Everyone Wants to be an Editor
By uczcew0, on 2 December 2015
On the first day of classes for my Publishing MA, our tutors asked, “Raise of hands, who in this room wants to be an editor?” More than half of the hands, including my own, made their way into the air. To this they gave us a knowing smile and said, “By the end of the week, we’ll see how many of you stick to that.”
During a week-long module titled, “Publishing Context,” the class was introduced to people from every nook and cranny of the industry. While some of us stuck to our editorial dreams, many hands that were once eager for editing had switched sides. I myself began to waver in my convictions. The reasons for this included a better understanding of what editors actually do and a more comprehensive explanation of other parts of the publishing process. In my series, “Everyone Wants to Be An Editor,” I will be exploring the secrets this module revealed.
To begin, I think it is important to dispel some myths about what editors do. I don’t do this to scare away people from being editors, but to better inform you of what the job entails.
- Slush piles have moved – I know that I dreamed of starting my publishing days going through the fabled “slush pile” to find literary gold like I was Indiana Jones. The truth is nowadays most publishing companies do not take unsolicited material, meaning that many editors get the picks of the litter and are pitched books. If you want to be a manuscript archeologist, you will probably want to try working in a literary agency instead.

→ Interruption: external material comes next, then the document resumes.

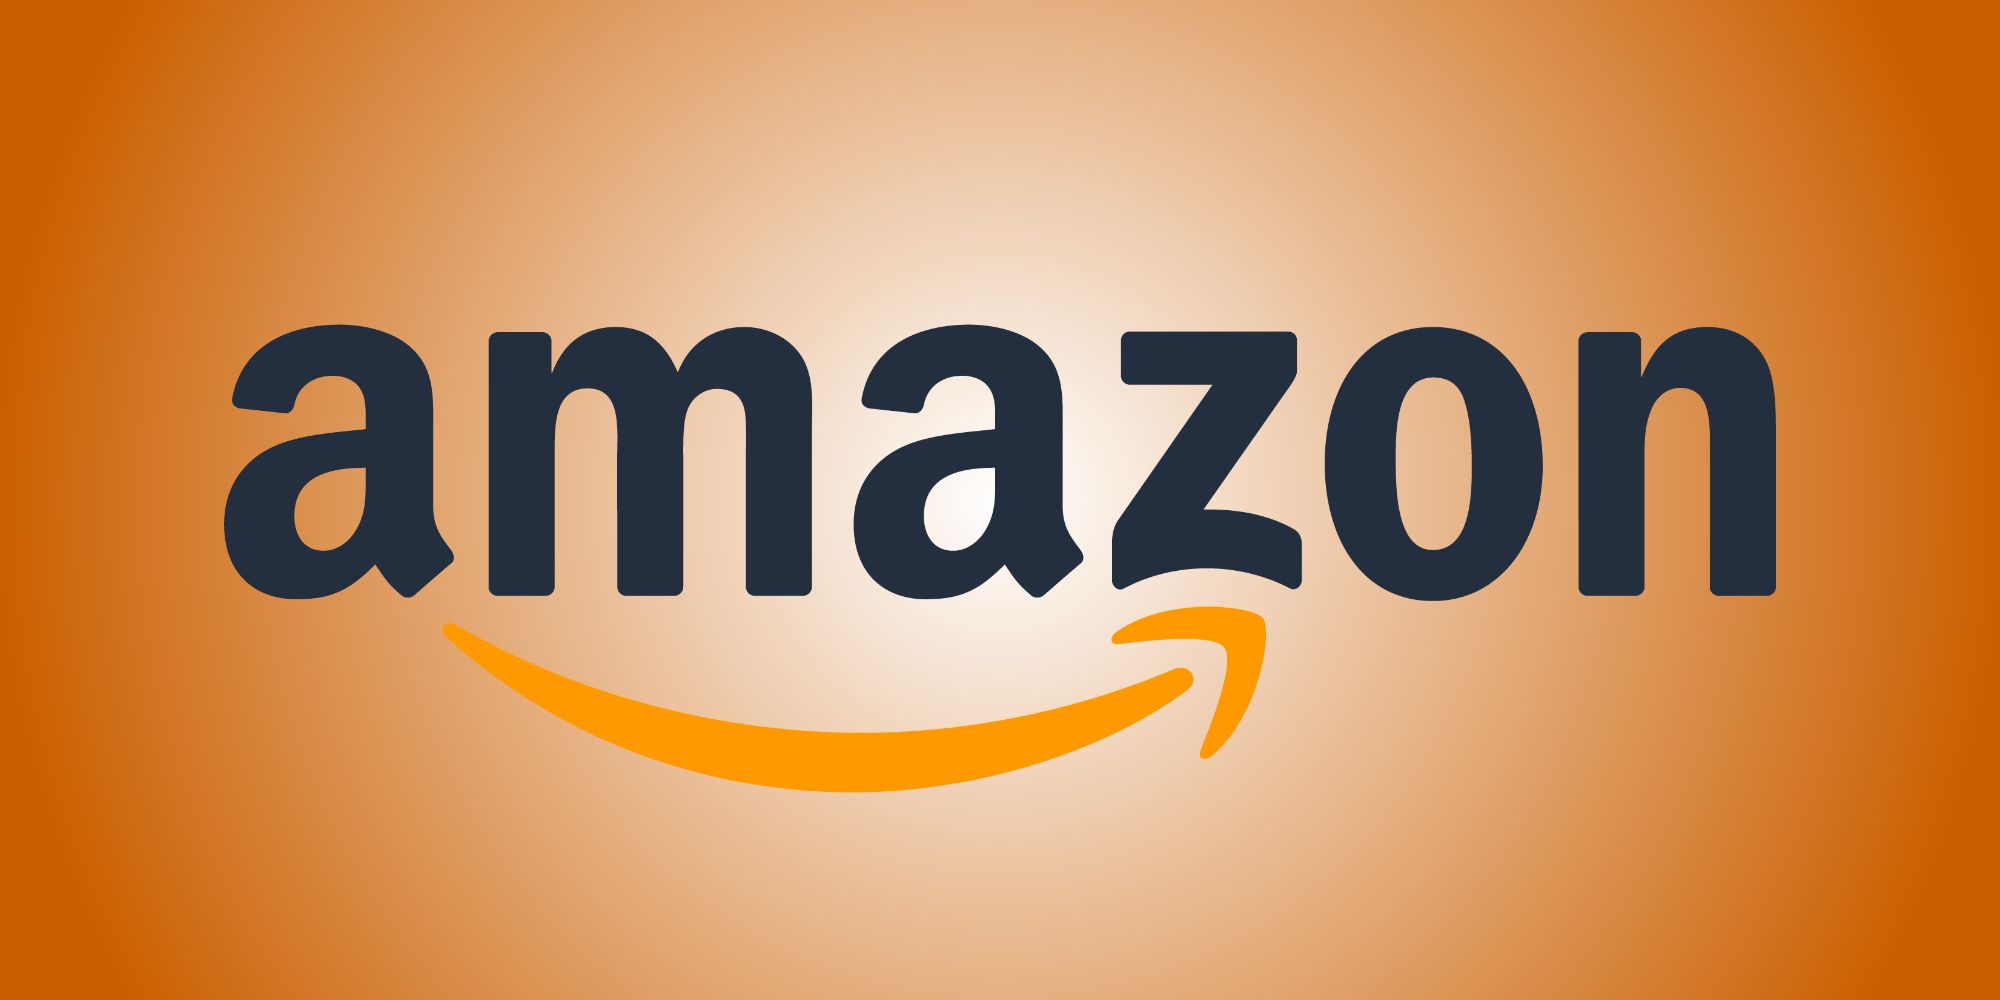 Amazon logo against an orange background

- Copyediting is rented out – Though I do not fit in this camp, there are those odd but beautiful people who enjoy the nitty-gritty of editing. They spot misplaced commas and spelling errors from miles away. While this skill is helpful, it is not always the main concern of editors. In fact, more and more copyediting is now given to freelancers because it is more economical. So if you felt you needed to join an editorial team to rid the publishing world of poor grammar, you might consider offering your services in this way. The work is more flexible and, if you’re lucky, you might get to work from home!
- Editors don’t make bank – On the first day of class, our guest lecturer asked us who wanted to be an editor. With a laugh, he said, “Oh good, so you don’t want to make money.” This is slightly hyperbolic because, according to the U.S. Bureau of Labor Statistics, 10% of editors do earn almost $100,000 a year (around £65,000). However, in the UK, the pay averages to £26,500, and that is only if you are lead editor. Assistant editors get around £20,000 and editorial assistants get around £18,000 (PayScale). Comparatively copyright/rights directors can make £45,000+ (Prospect). But book publishing isn’t about the money… right?
- You’re not always an author’s best friend – There are two reasons for this. First, you will have less contact with them than in the past. Literary agents often play liaison and technology makes it easier to send drafts back and forth with little interaction. Second, most authors will not appreciate you telling them that one of their characters doesn’t work or their favourite line is pretentious. Some authors might see you as the enemy, trying to change “perfection.” So if you wanted to enter publishing to rub elbows with literary geniuses, editorial might not be the best section for you.
These are just a few things to think about before you continue to pursue your editorial dreams. Next month, I will start to show you other publishing career options that might interest you, starting with literary agents.